··· DATASET ENTRIES
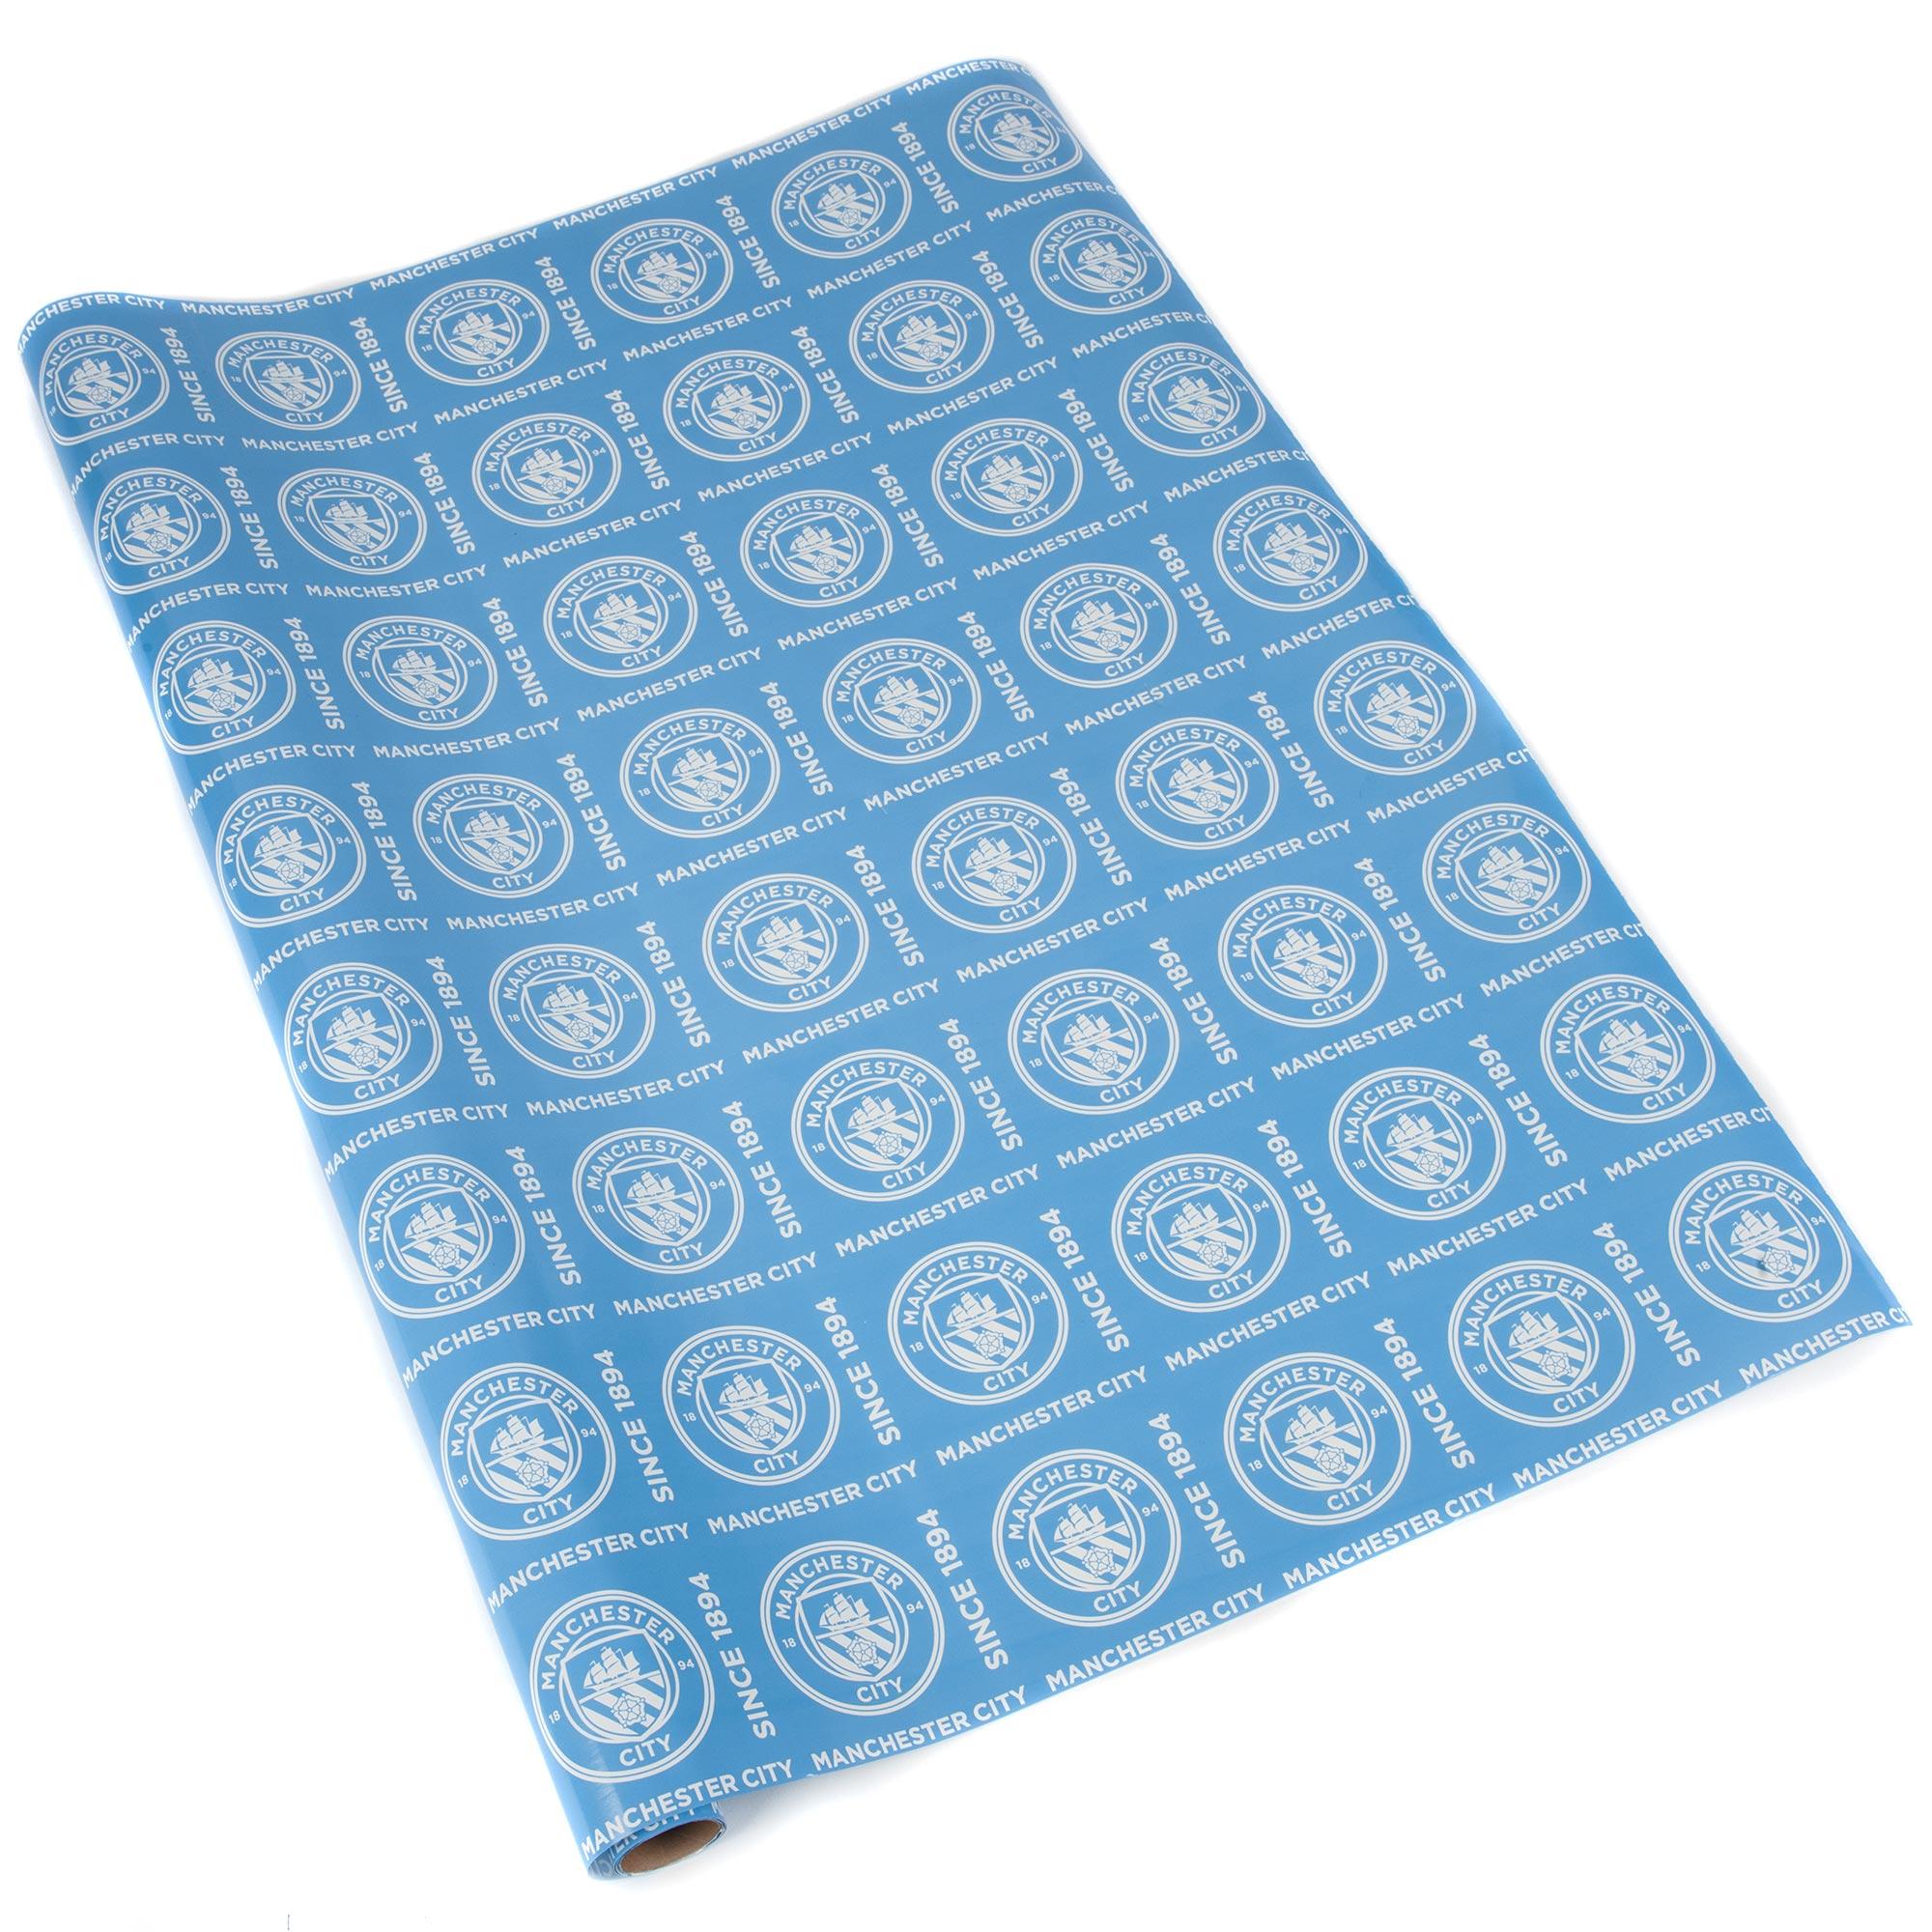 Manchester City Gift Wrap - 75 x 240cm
······
··· DATASET ENTRIES
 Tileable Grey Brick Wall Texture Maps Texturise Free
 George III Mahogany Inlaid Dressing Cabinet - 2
······
■ HOW TO COMPLETE THIS TASK:
Working from the data above, extract solely the lines from the one containing "Tileable Grey Brick" through the one containing "George III Mahogany", exactly as they appear, both included.

■ SOLUTION TO THE PROBLEM:
 Tileable Grey Brick Wall Texture Maps Texturise Free
 George III Mahogany Inlaid Dressing Cabinet - 2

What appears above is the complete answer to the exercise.